I think the extra ink colors make a difference.


----------



## Isaac11 (Feb 27, 2015)

Big Sublimation use wider printer because they print lots of case per day.
For me on sublimation more than CMYK is Bull****.
Try first to get custom profile with you own printer


----------



## astroanalyst (Oct 15, 2014)

Well I sent out two image files to multiple companies.
One had an artisan 1430 and the other a 7900

the one with the artisan used an infrared high quality 3d sublimation machine.
the one with the 7900 used and industrial sized machine.
I used a wf7110 with a desktop sublimation machine.

The contrast on the 7900 in the dark areas blew away everything else.
The artisan held up well with light colors.
The WF was a dog...and that is with cobra ink color profiles.

It seems that the darker the colors the more difficult the sublimation. 
The most expensive set up did the best job.
The least expensive (my set up) did not create a saleable product.

If I do anything I'll get the Artisan because I think it was pretty good. 
But for a few hundred more I thought I would buy the latest technology and possibly have a printer that won't clog easily.


----------



## freebird1963 (Jan 21, 2007)

astroanalyst said:


> possibly have a printer that won't clog easily.


Hahahah lol hahahha ROLFMAO that is funny !


----------



## Isaac11 (Feb 27, 2015)

Why that is funny ?


----------



## astroanalyst (Oct 15, 2014)

What exactly is funny here? I'm missing it.


----------



## freebird1963 (Jan 21, 2007)

Old but didnt see this.
cuz most printers will clog if not used daily and depending on their enviroment how often the clog. 

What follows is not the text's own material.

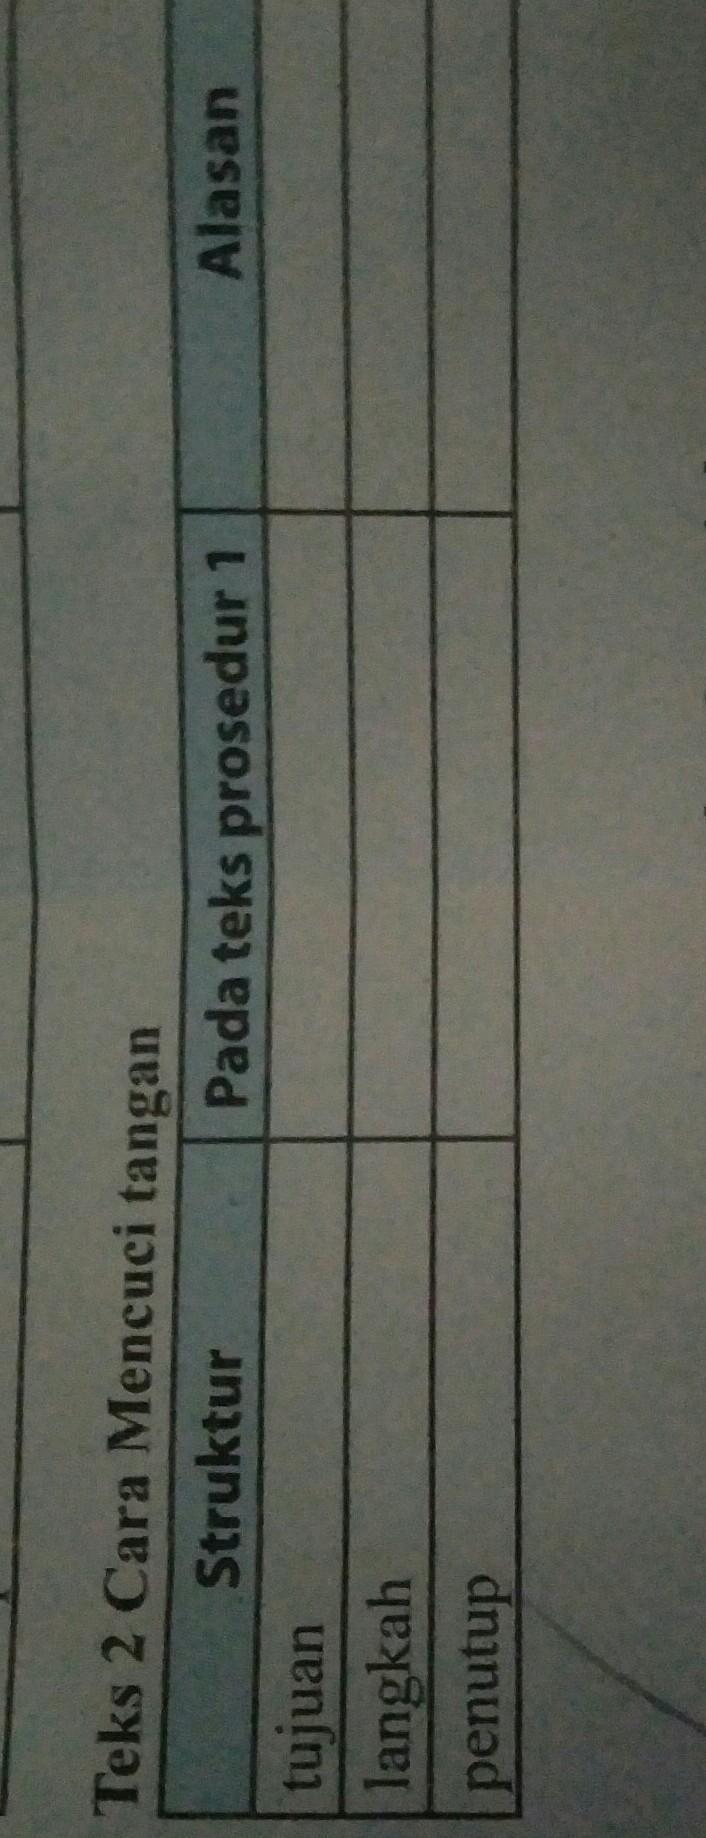 Kunci Jawaban Bahasa Indonesia Kelas 7 Halaman 104 Teks 2 Cara Mencuci Tangan
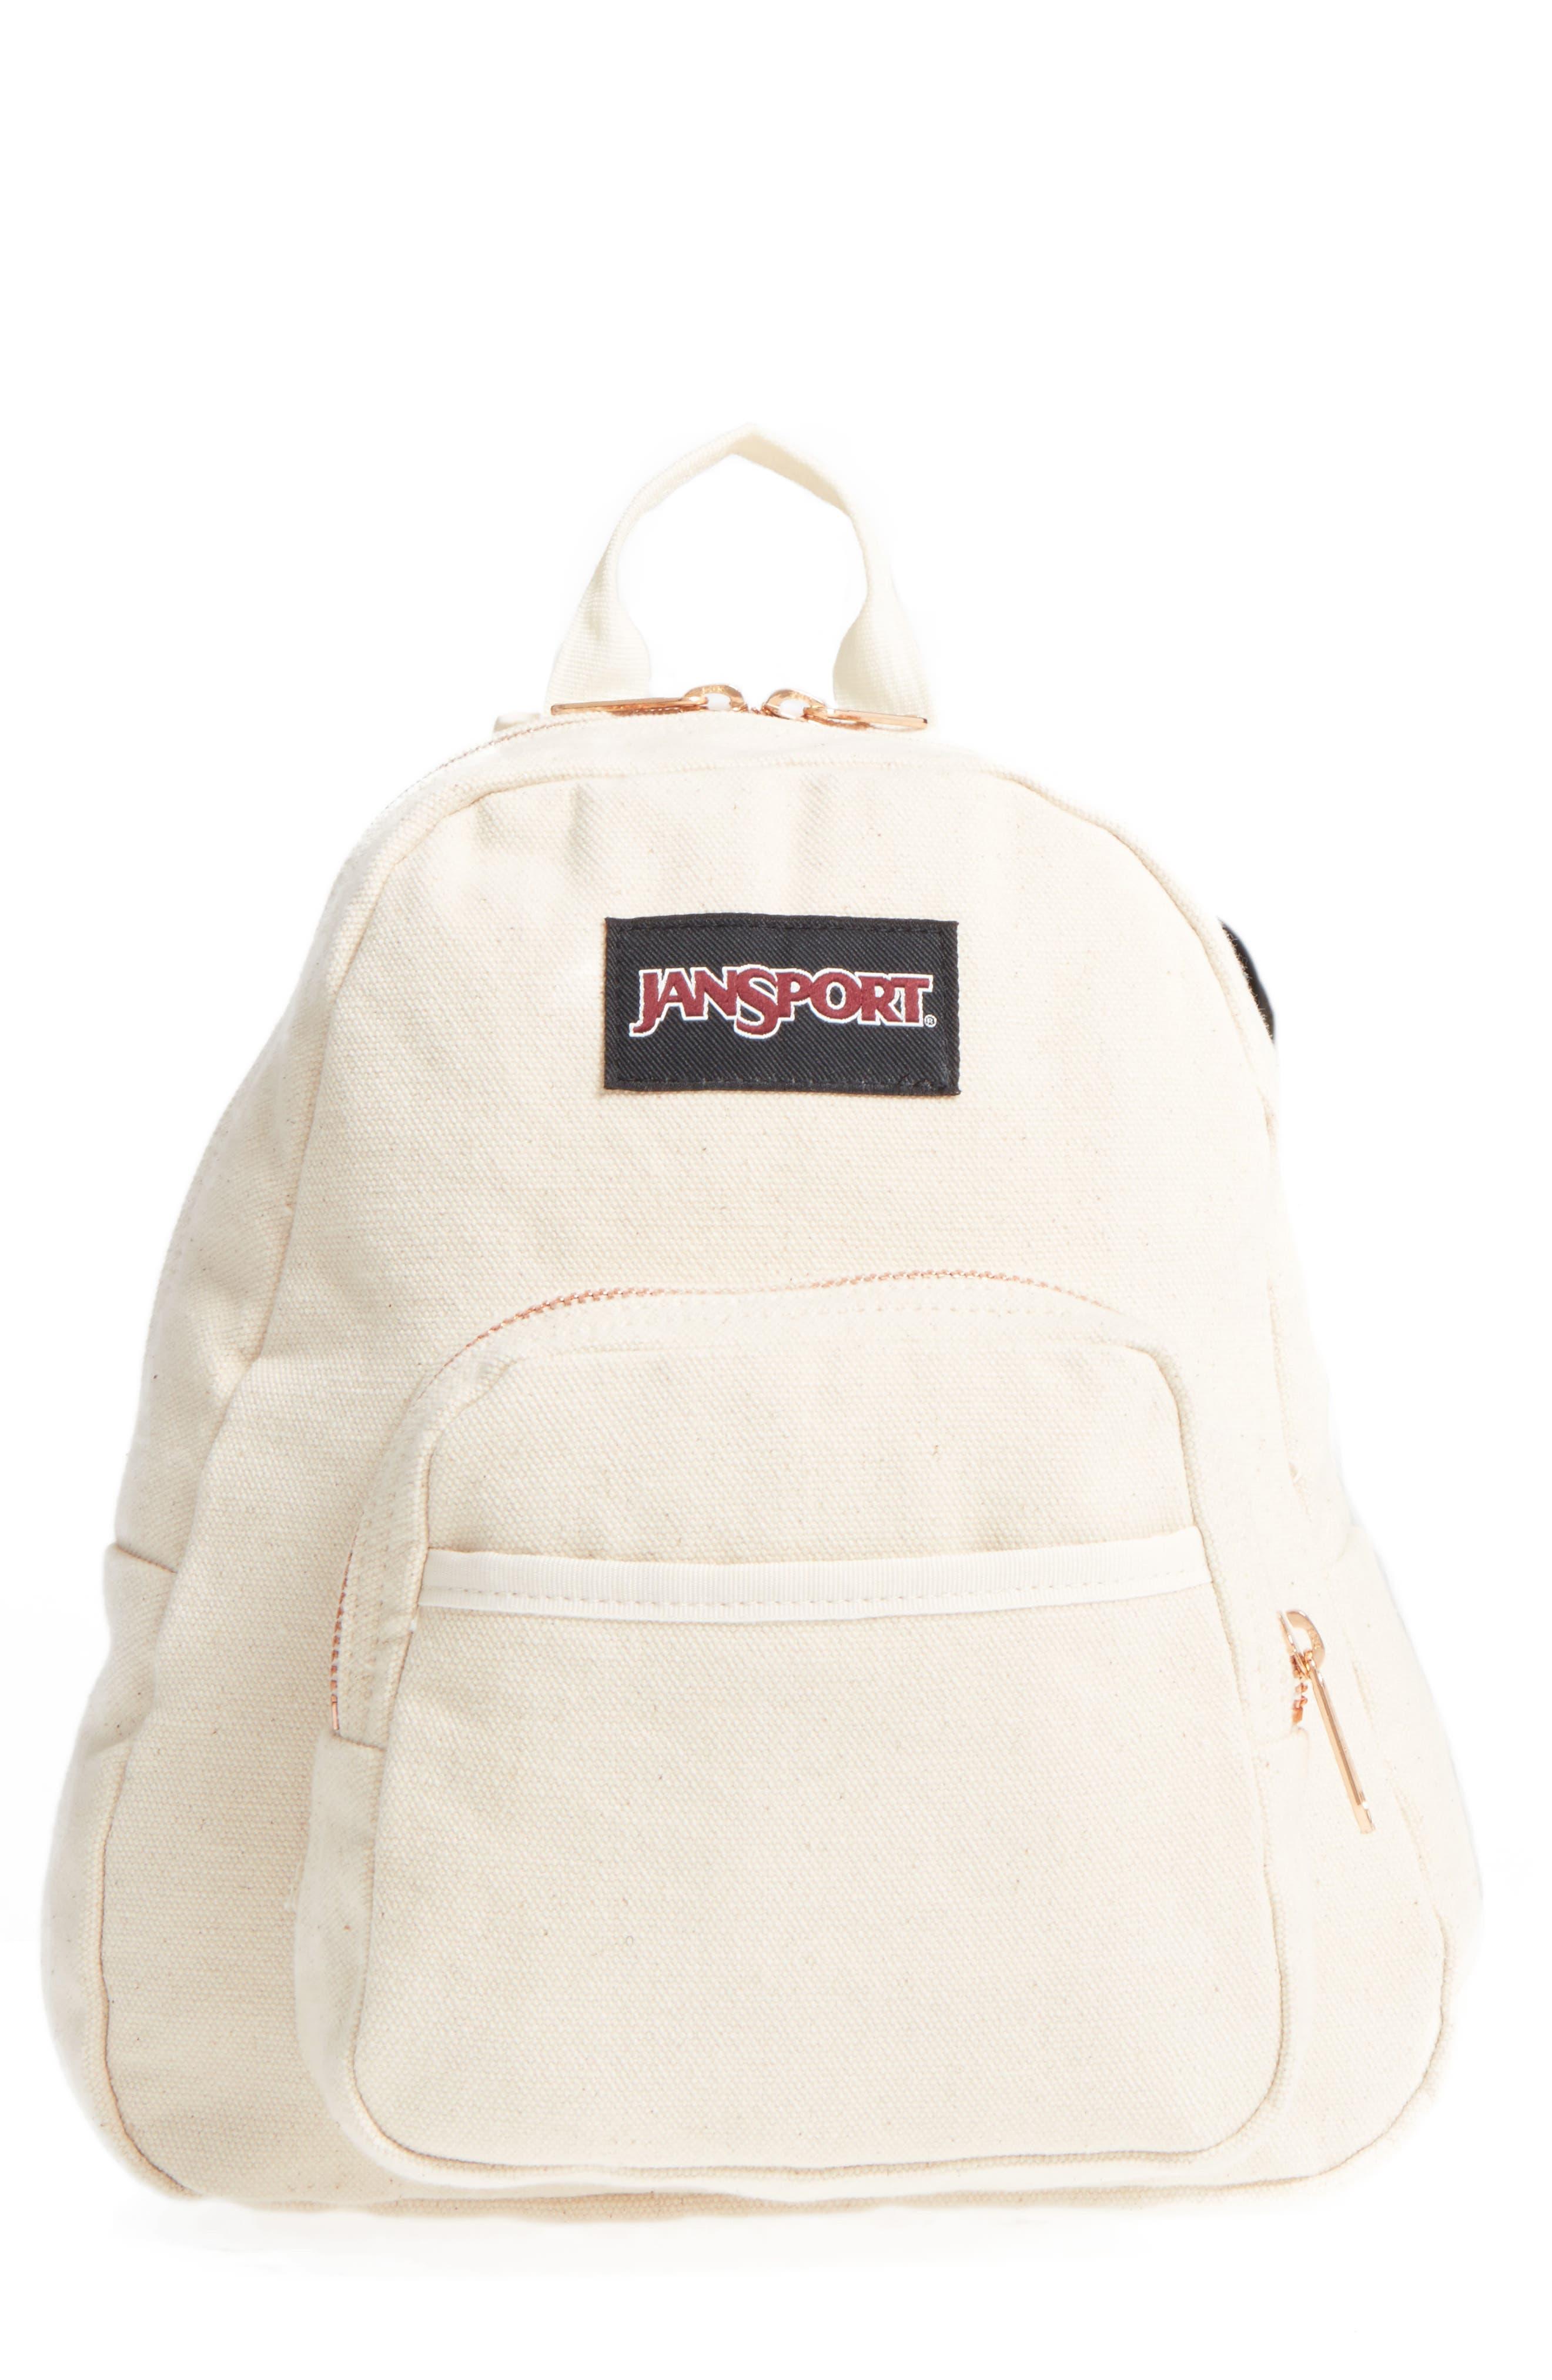 Half Pint Backpack,                             Main thumbnail 1, color,                             Rose Gold

Did you ever get the P600 or P800. I 'd like to move up to a 17" printer. Been looking at the 3880 tho its been discontinued


----------



## astroanalyst (Oct 15, 2014)

No I didn't make a move yet. I still have an Artisan 1430 that is brand new... I never put in the sublimation inks because I ruined the last one I had. 
I still wonder if a P600 is a good option.


----------



## freebird1963 (Jan 21, 2007)

For a 13x19 there are cheaper options.
I am wanting a 17" and the P800 price I might be able to swing. (convince the wife to let me buy another machine).

So far I haven't found refillables yet tho.


----------



## ParrotPrinting (Feb 23, 2015)

Wow what am I doing wrong......I have a Epson 1430, Epson 7110, Canon 6820 and a Ricoh 3110 all have been turned on constantly for the last 6 months and none have been used more than once or twice a week and NONE have clogged so explain what I'm doing wrong so I can learn how to unclog any of these


----------



## astroanalyst (Oct 15, 2014)

ok... what ink are using? ....what CIS system do you use?
Thank you!


----------



## freebird1963 (Jan 21, 2007)

ParrotPrinting said:


> Wow what am I doing wrong......I have a Epson 1430, Epson 7110, Canon 6820 and a Ricoh 3110 all have been turned on constantly for the last 6 months and none have been used more than once or twice a week and NONE have clogged so explain what I'm doing wrong so I can learn how to unclog any of these


Well since you don't know. Who cares about Canon. Its not a dye sub printer so throw it in the trash. 

Now the Ricoh won't really clog BUT you're wasting ink on the daily maintenance it does while its on. If you want to learn to unclog its heads leave it off for a week. DO NOT TURN IT ON TILL YOUR READY TO UNCLOG. 

Same with the Epsons. Turn them off and don't print with them for a week.

I could put in the url's of cleaning videos but since you want to learn you can google them yourself.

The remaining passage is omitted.